Addictions Addiction to a substance or behavior is complex affecting the addictive person and everyone around them. We help every individual at their unique state of development, motivation, and readiness for treatment and recovery
RECOVERY PLAN AND SKILLS
The more structure that is introduced into a recovering person’s life, the better able he or she is to manage stress and anxiety. Many entering recovery think that after the initial period of detoxification and abstinence, the hard work is complete. They are often not fully prepared for a lengthy, if not lifelong, period of healing. They are likely to experience a new level of stress as they embark on the journey of maintaining sobriety and recovery. Without adequate preparation and a plan, many chemically dependent people suffering from intense or prolonged stress are in danger of returning to what they know—chemical use—to gain relief, even if it is temporary. The 12-step programs of Alcoholics Anonymous and Narcotics Anonymous advise the following basic elements of a plan to assist the recovering person through this time.
• Employment: A job that is satisfying and that will enable you to be productive and meet your basic needs. Seek right-livelihood.

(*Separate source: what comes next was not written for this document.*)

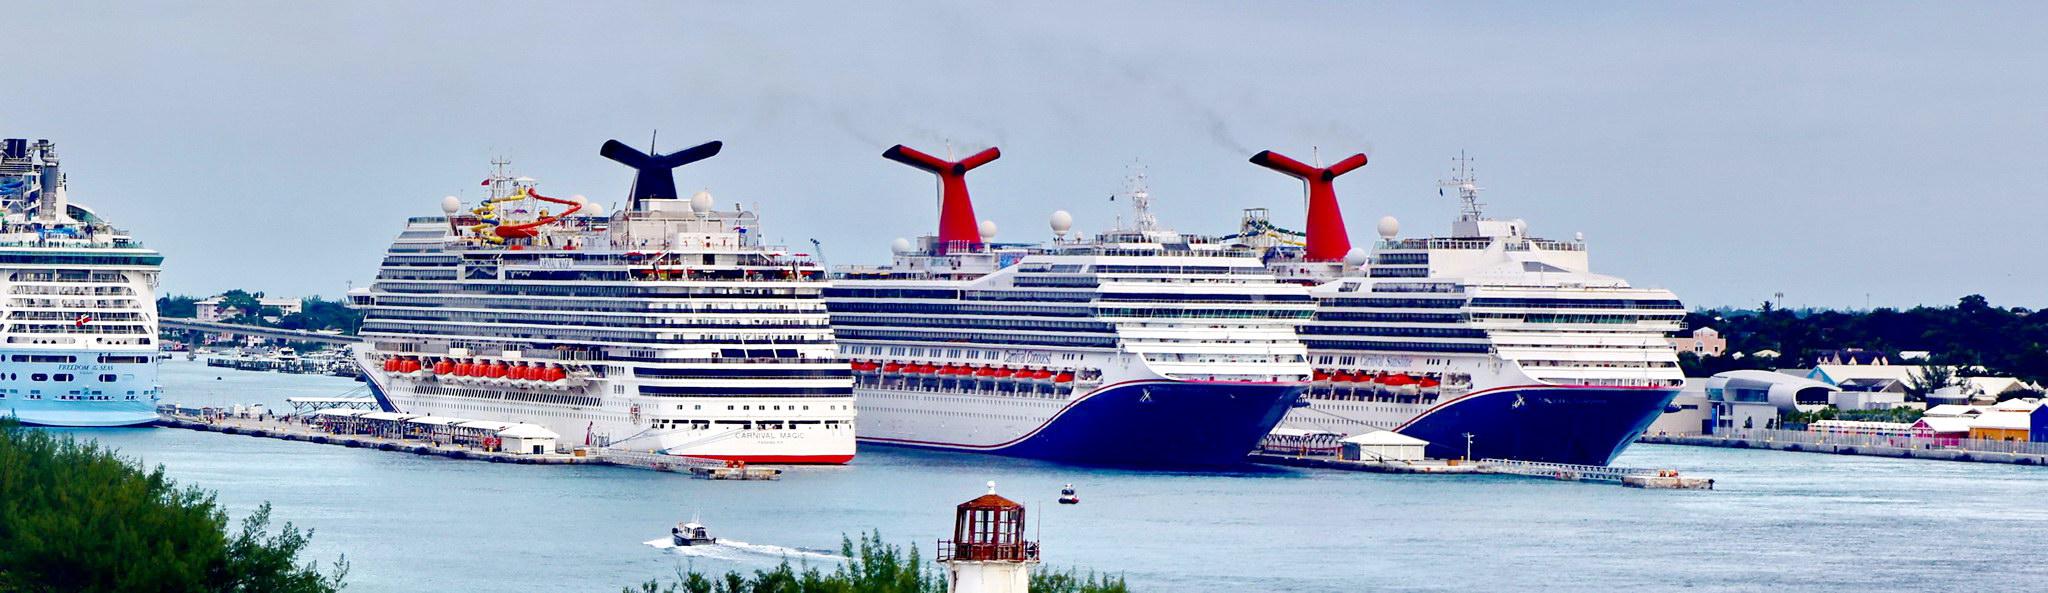 Корпорация Carnival замедлит темпы строительства новых лайнеров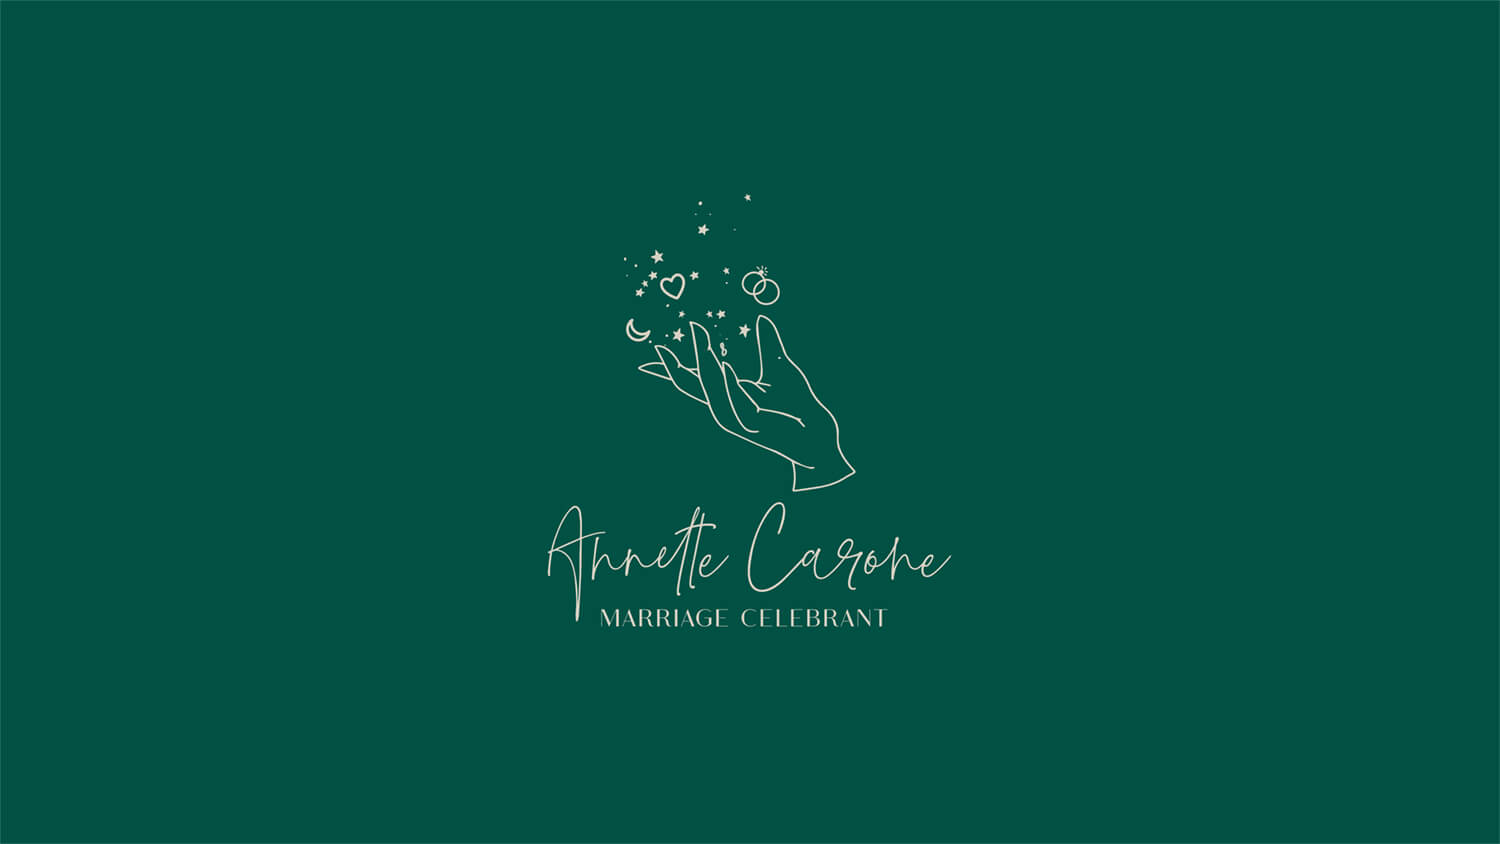 Business Branding - Annette Carone, Marriage Celebrant - Perth WA

• Housing: A place to live that is safe, suitable, and affordable.
• Personal Growth and Development: To maintain a sober way of life which in turn reinforces good feelings. Find ways of helping others who will in turn understand and appreciate you.
• Social Life: To have supportive friends and good companionship; to share social activities and entertainment. Set boundaries. Organize your time. Avoid old friends, places and situations that remind you of your addiction. Recognize your limits and do not take on too much. Set priorities and take care of important things first. Make sobriety your first priority.
• Total use of free time: Something to do, somewhere to go, someone to meet. Attending meetings frequently is helpful.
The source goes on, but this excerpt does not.